# How to Set the End Post at An Angle?



## RedSun (Nov 21, 2014)

If you are going to set the end posts at a certain angle, say 15 or 30 degree, how do you dig the holes? Assume you dig manually. I want to bury the posts at least 2', maybe 3'.

It can be hard to dig with the hole digger, particularly if the angle is at 30 or more. Hand tools are too short for this job.


----------



## vacuumpumpman (Nov 21, 2014)

I actually googled your question as I was curious. I found this very intresting link - http://viticulture.hort.iastate.edu/info/pdf/domototrellis.pdf

in short it appears that they use a post hole digger on the desired angle needed.


----------



## grapeman (Nov 21, 2014)

If you dig the hole larger than you normally need, just tilt the post to the desired angle and fill the hole tamping well as you go. You can adjust the angle to what you want as you backfill (until almost full). Some stones packed around the post helps firm it up.


----------



## RedSun (Nov 21, 2014)

A larger hole has the opposite effect. The extra room can make the posts bend to the inside. Actually if you dig a 30 degree hole, the post would probably set at 25 degree because of the extra room.

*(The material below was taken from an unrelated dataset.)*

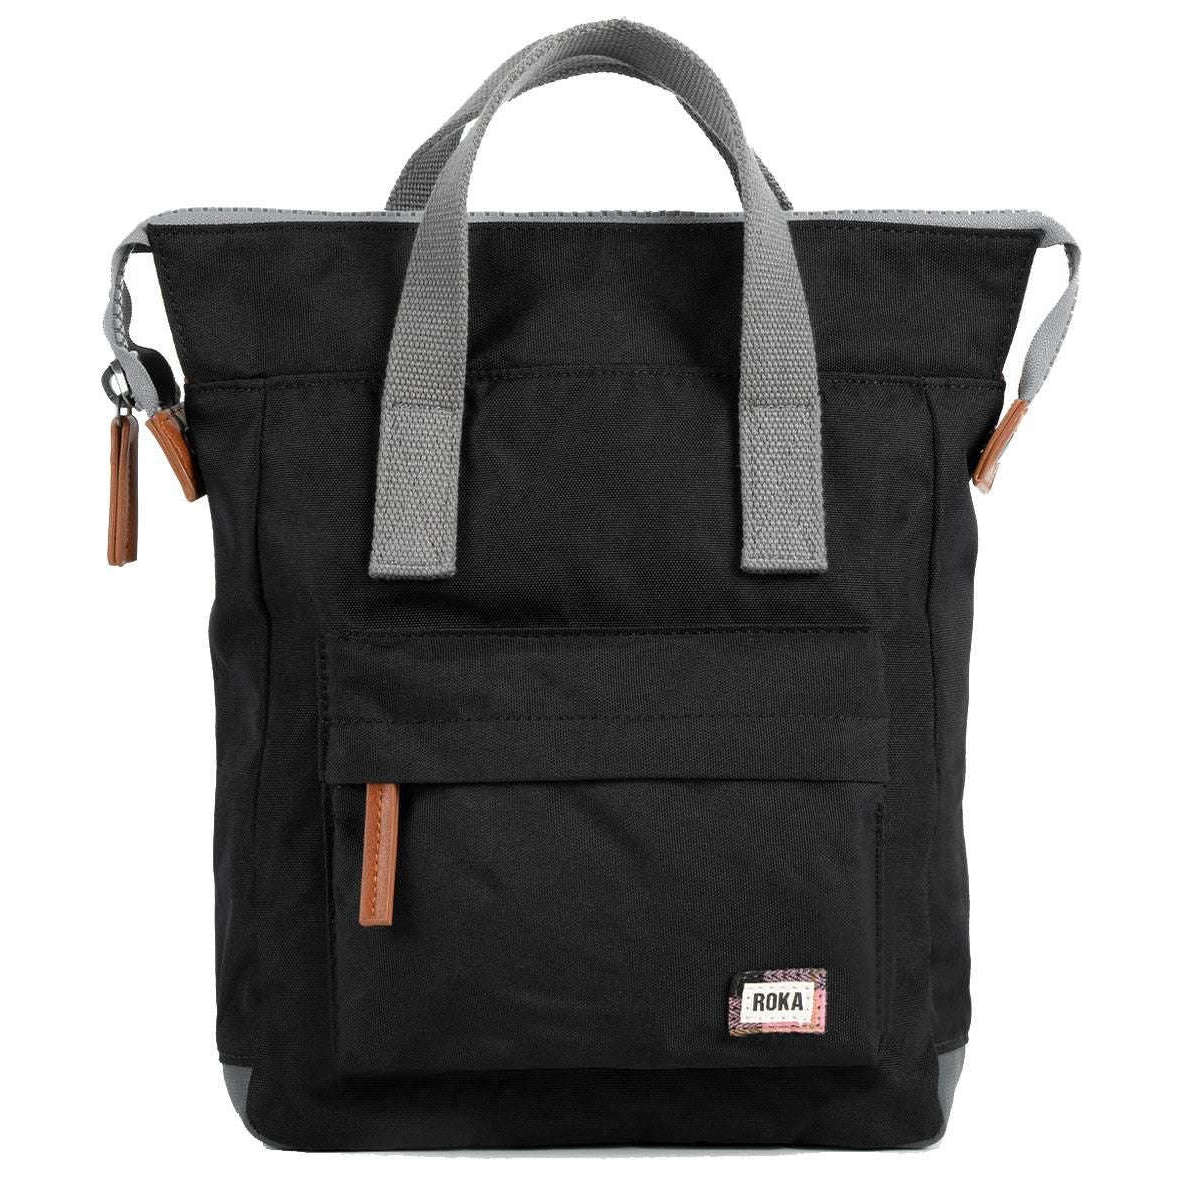 Roka Bantry B Small Sustainable Canvas Flannel Backpack - Black

Gravel helps, but it has to be very firm. Concrete helps, but folks seem do not like it.


----------



## grapeman (Nov 21, 2014)

I totally disagree with you having done it to hundreds of posts. The post goes with the bottom farthest to the vines and the top is tipped away providing the angle. Like I said, tamp as you go and stones make it more solid, not gravel but softball sized stones. You especially want ot have stones on the vine side of the post to make it more solid.

Notice the post in the following picture- it was set just as I have described. The second picture shows the end posts set just as I describe.


----------



## mikewatkins727 (Nov 21, 2014)

You might consider a 'dead man' to anchor the post. Several feet out and in line, 4 maybe 5 feet maybe, dig a hole to sink a large chunk of concrete or other large object that has your cable tied to it. The other end of this cable is fasten to the top of the end post.


----------



## AmityFlatts (Nov 25, 2014)

Very timely post, I hope to set post this week


----------



## RedSun (Nov 25, 2014)

I think this can be easily done with an augar. But it is much harder to dig by hands.


----------



## berrycrush (Nov 28, 2014)

My post is 6~8 inch thick and the hole is vertically dug with a 10 inch auger. I just widened the hole on the far side with a shovel and tamped it with stones after planting the post as Grapeman said. It worked well.


----------



## RedSun (Nov 28, 2014)

This is fine with 10 degree angle. But if you want a 30 degree angle for a 10' post, then that will be quite a bit digging away from the original hole....


----------